Despite his rebuke from Trump in 2020, Raffensperger will likely face a tough re-election fight in November against anyone who emerges from a crowded Democratic primary.
Georgia Democrats are eager to replicate their success from two years ago, when Biden became the first Democratic presidential nominee to win the state since 1992 and that senses. Raphael Warnock (D) and Jon Ossoff (D) prevailed in two second-round contests.
With Warnock and gubernatorial candidate Stacey Abrams at the top of the ticket, Democrats believe they have a chance to sweep Republicans from key state offices, and they have bet on the race for Secretary of State as way to protect and expand voting rights after Georgia. The GOP-controlled Legislature passed a sweeping new election law that restricted ballot access and created new election-related crimes in 2021.
Raffensperger, who before 2020 supported previous efforts to create new restrictions on voting in Georgia, also supported SB 202, as the new law was known.

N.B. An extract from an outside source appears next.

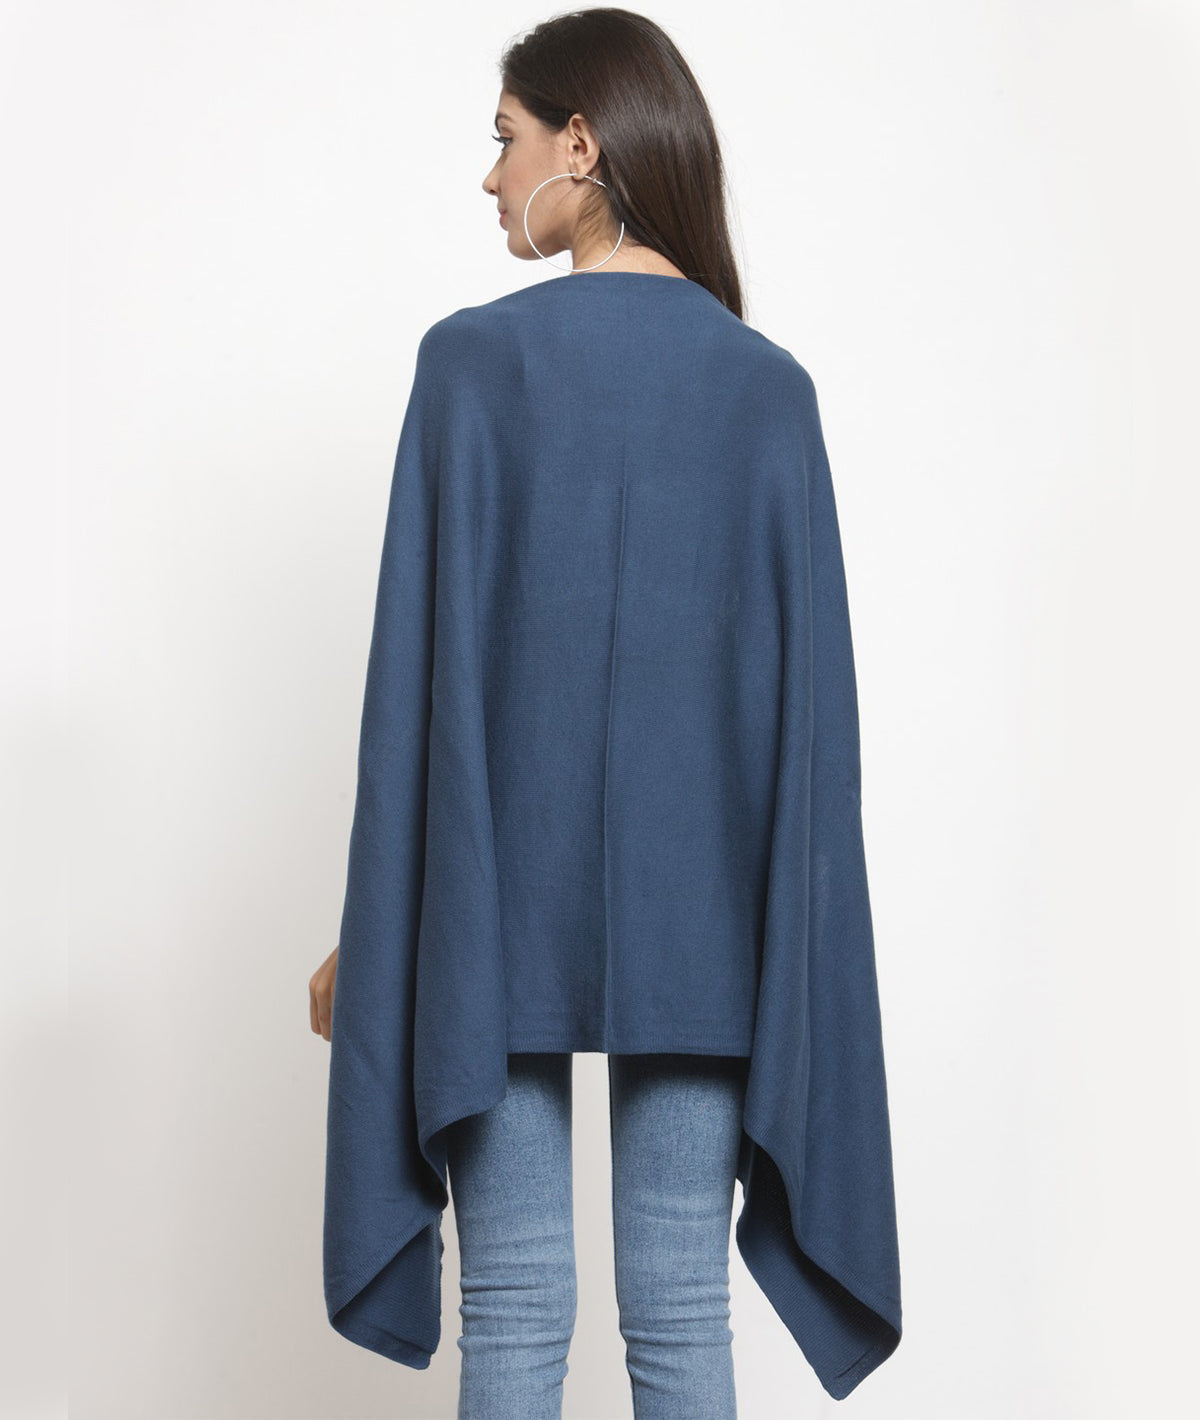 Palma Knitted Cotton Fashion Poncho / Top / Cape in Egyptian Blue Color for Everyday Chic Look (One Size Fits All)

And he defended it against claims that it will disproportionately impact black voters, Georgians with disabilities and other minority communities that helped boost Democratic wins in 2020.
Democrats see the law, one of the first of more than 30 restrictive laws Republican legislatures passed across the country in the past year, as an extension of the false allegations of fraud that Trump and his allies have made about previous elections, and Democratic candidates up and down. the poll vowed to defeat the Republicans who supported him.

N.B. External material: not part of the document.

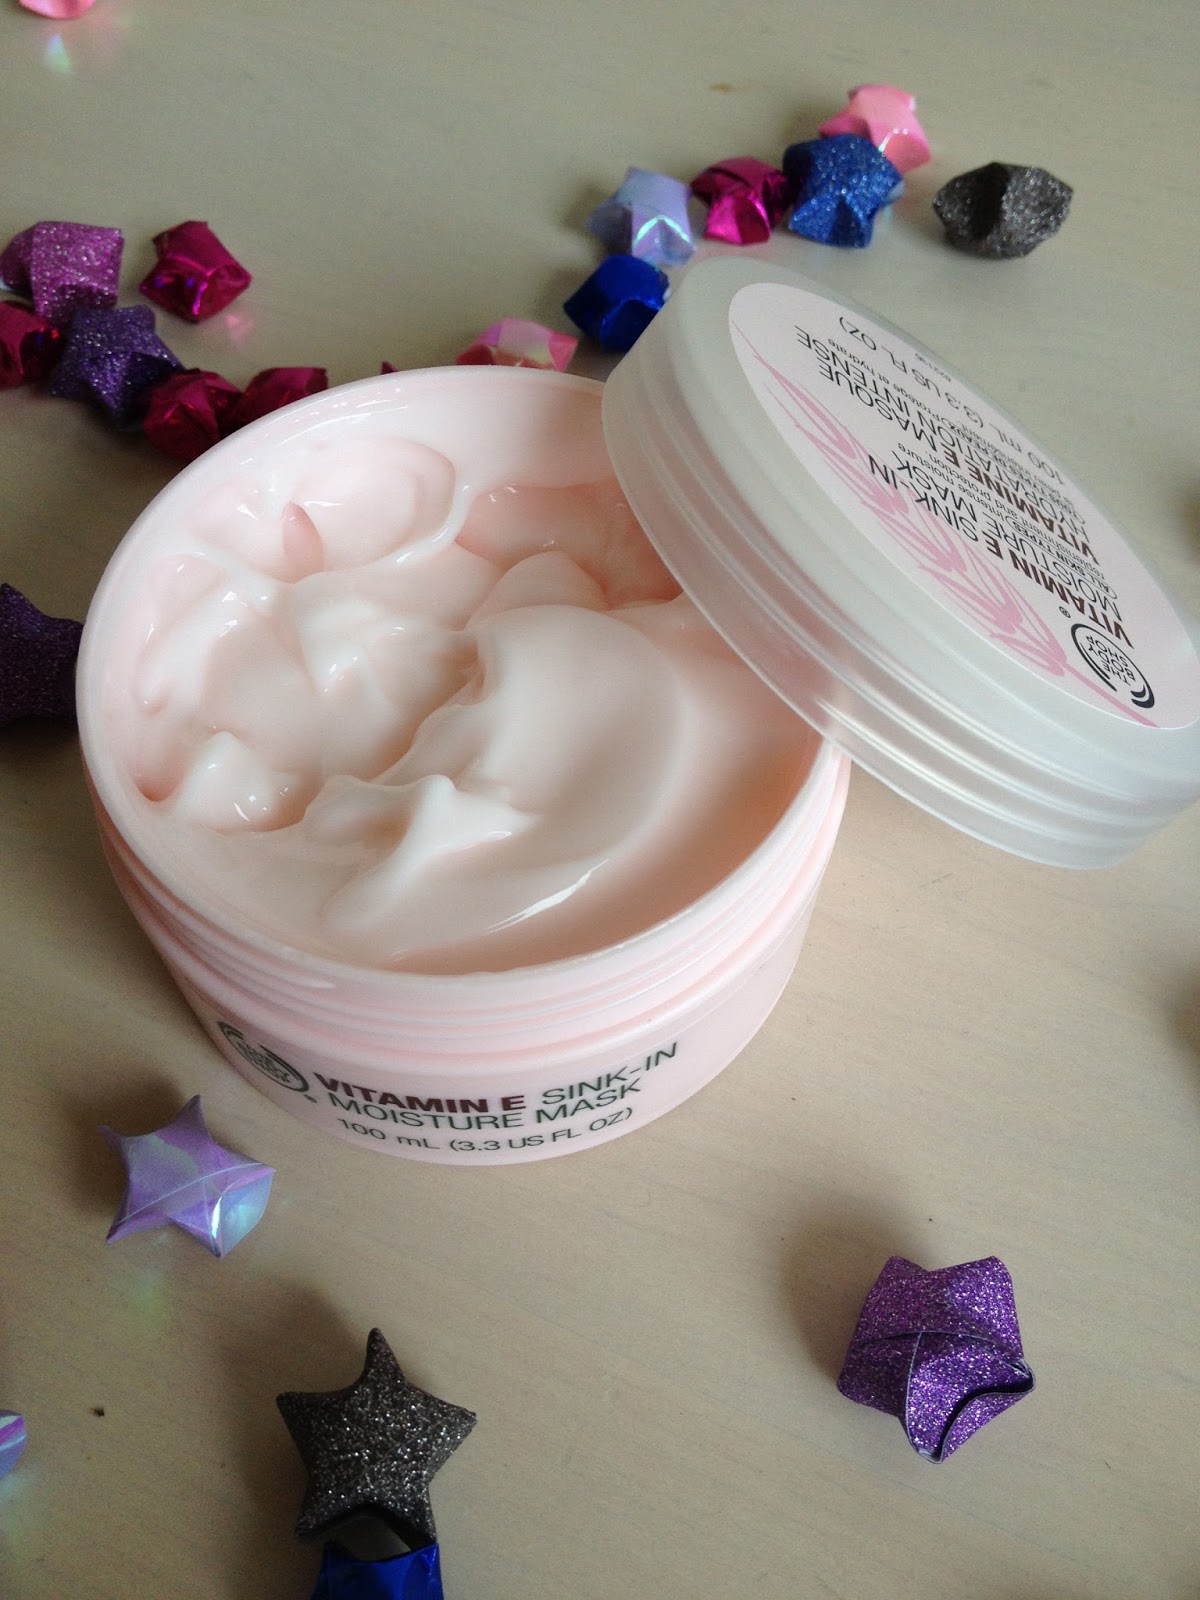 Obviobsessions Review The Body Shop Vitamin E Sink In

Raffensperger has also refused to make a full break with Trump, despite the fact that his rejection of the former president has led to death threats against his family and other election officials across the state. In an interview with HuffPost last year, Raffensperger did not answer when asked if he would vote for Trump if he ran for president again in 2024.
And though the domestic environment looks poor for Democrats, party voters in Georgia appear motivated: They turned out in large numbers to vote early ahead of Tuesday’s primary, even though the first two races on the party ticket were undisputed.
Suffrage was one of the animating factors for voters who spoke to HuffPost outside Atlanta polling places last week, many of whom were determined to overcome the obstacles SB 202 placed in front of them. them – and to defeat the Republicans, including Raffensperger, who helped create them.